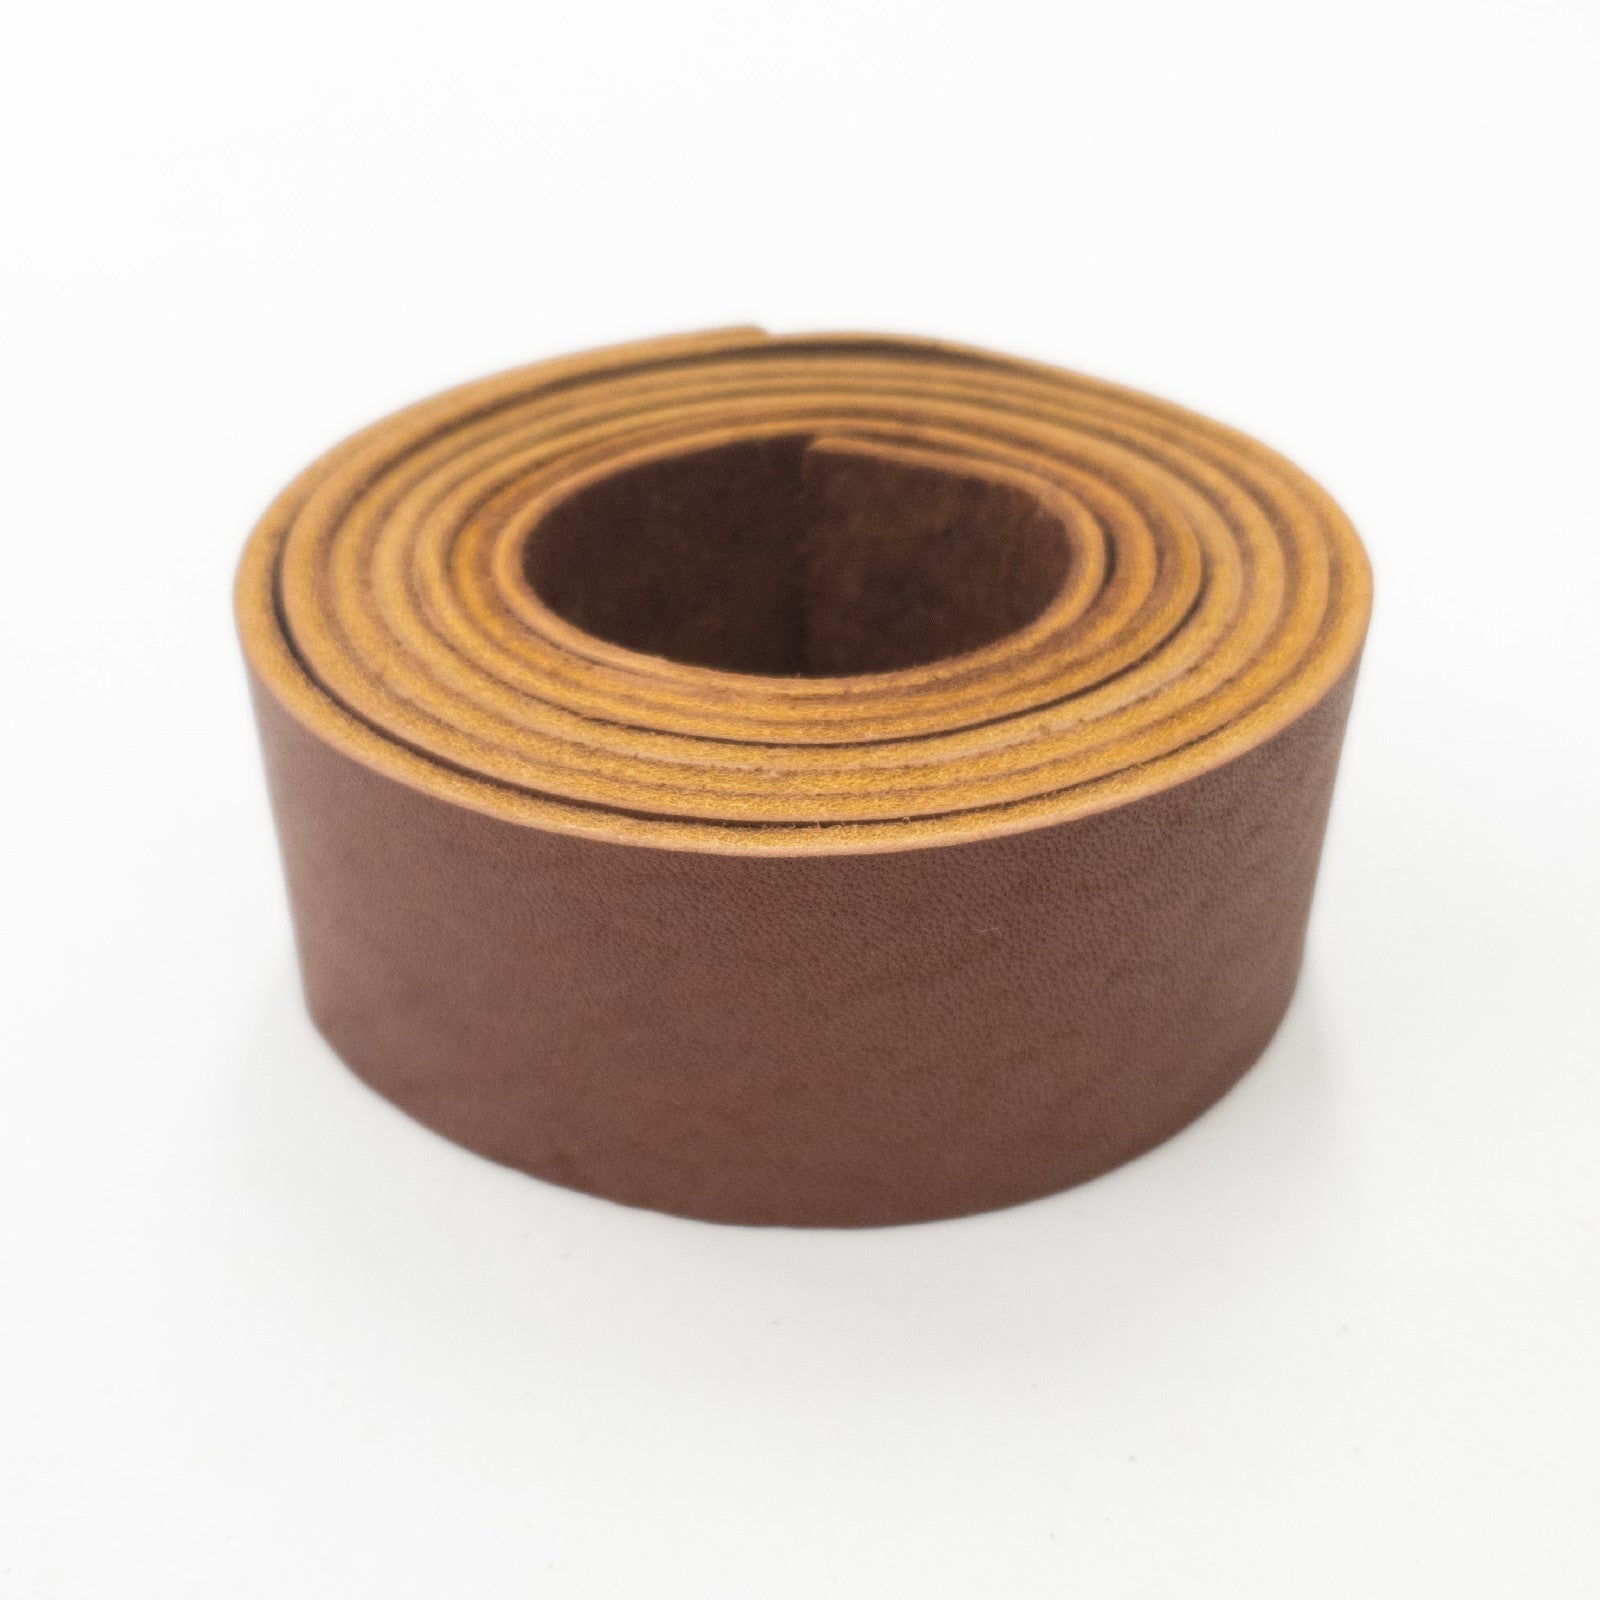 Oil Tanned Strap Seconds, 6-7 oz, Pre-cut Belt Blanks, Chestnut / 1 / 48" | The Leather Guy
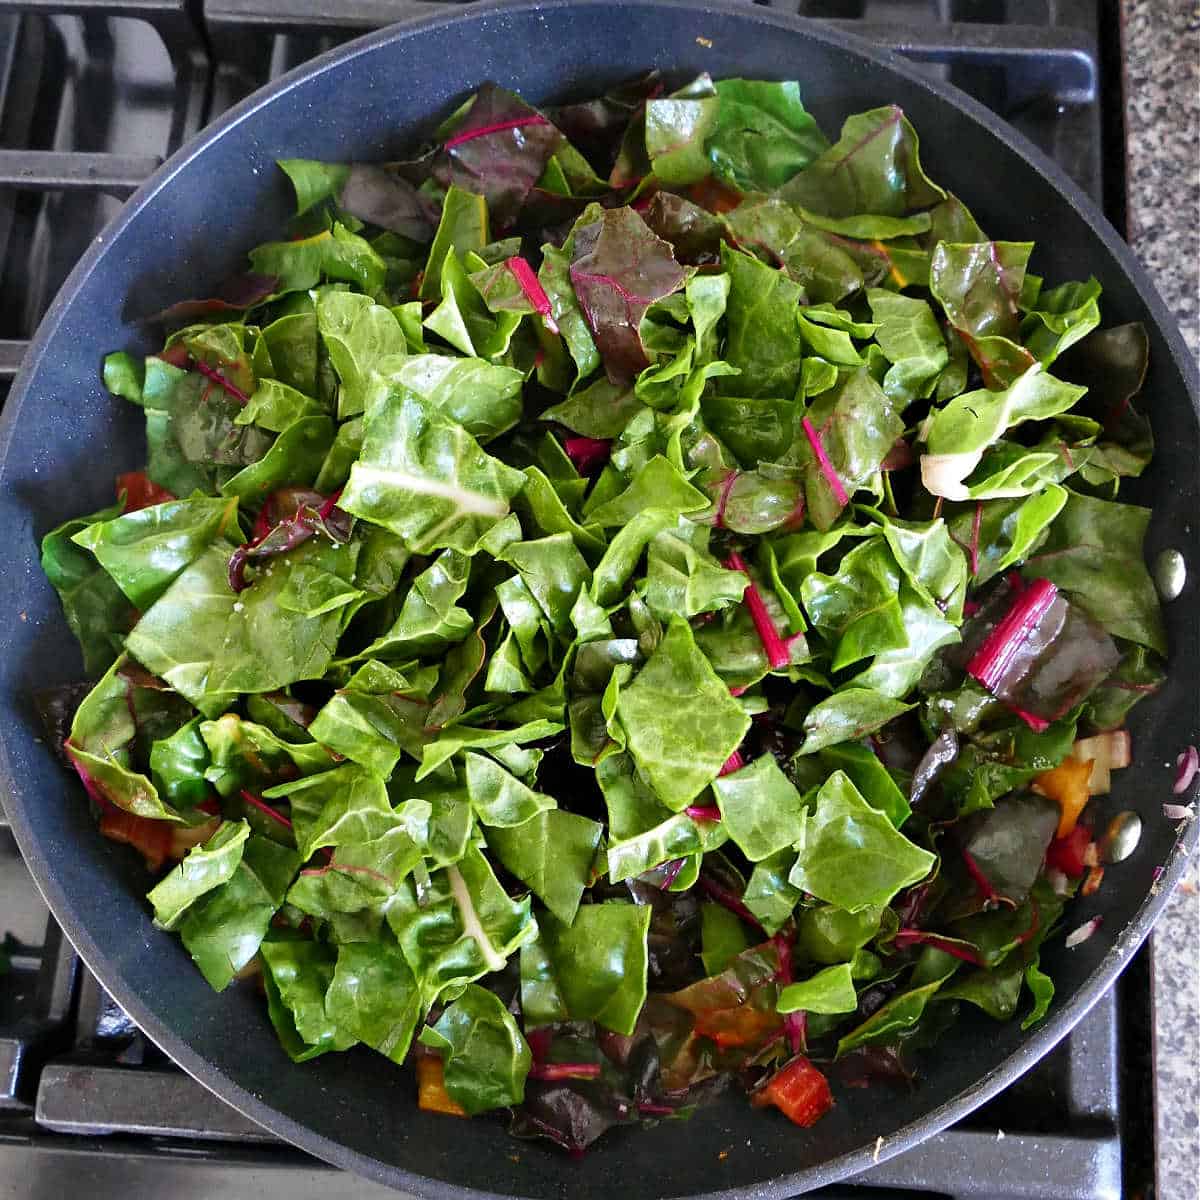 chard leaves added to a skillet with chard stems cooking in olive oil
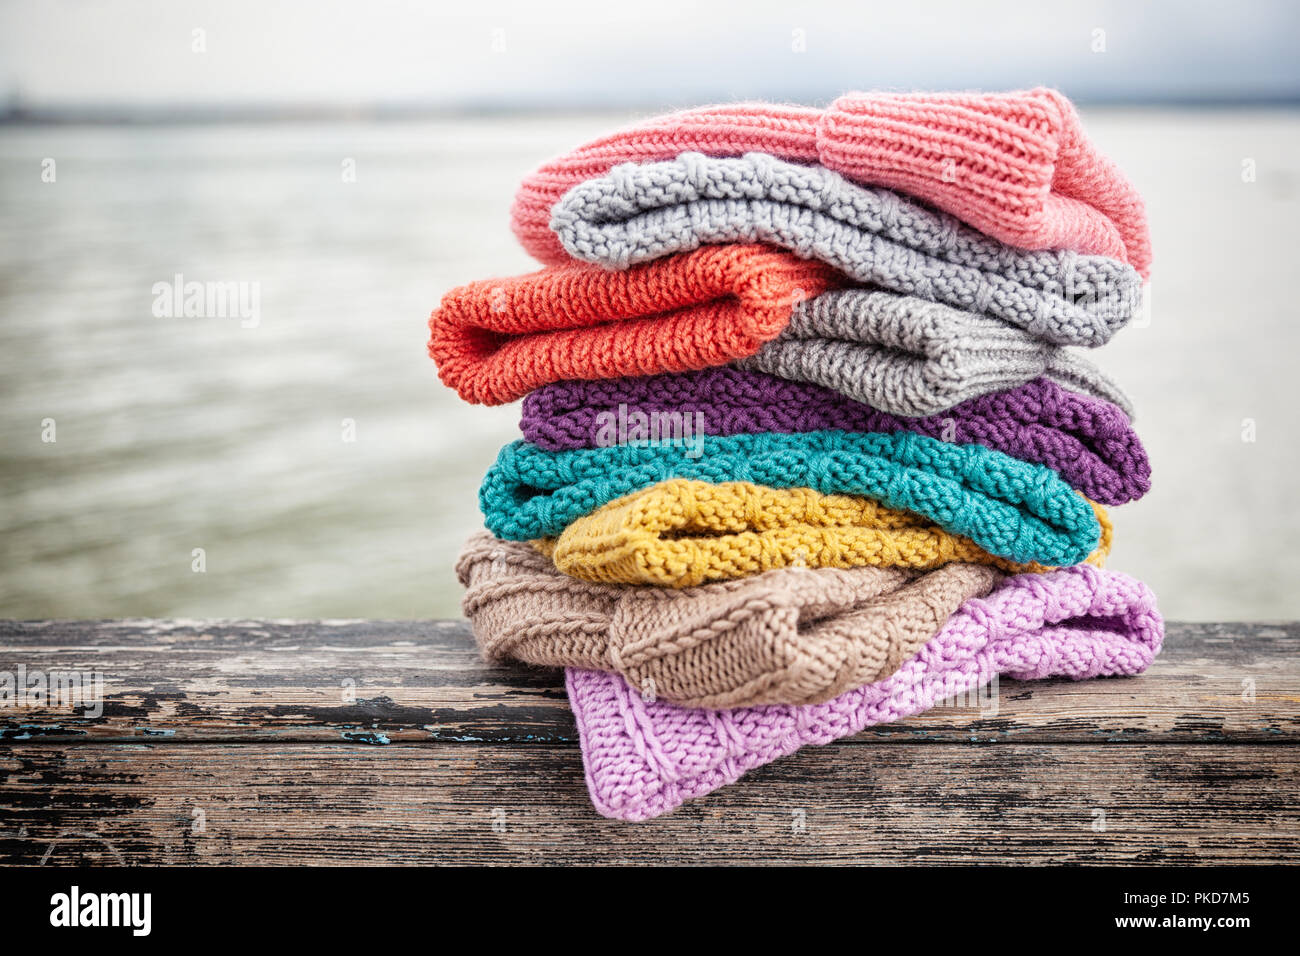 https://c8.alamy.com/comp/PKD7M5/beautiful-background-knitting-winter-blue-and-yellow-a-lot-hat-crochet-hook-handmade-close-up-of-knitted-hats-of-blue-yellow-pink-and-white-PKD7M5.jpg

###

- **Problem statement**
Could you give the material above again, exactly and without its pictures?

- **Output below**
 Oil Tanned Strap Seconds, 6-7 oz, Pre-cut Belt Blanks, Chestnut / 1 / 48" | The Leather Guy
 chard leaves added to a skillet with chard stems cooking in olive oil
 https://c8.alamy.com/comp/PKD7M5/beautiful-background-knitting-winter-blue-and-yellow-a-lot-hat-crochet-hook-handmade-close-up-of-knitted-hats-of-blue-yellow-pink-and-white-PKD7M5.jpg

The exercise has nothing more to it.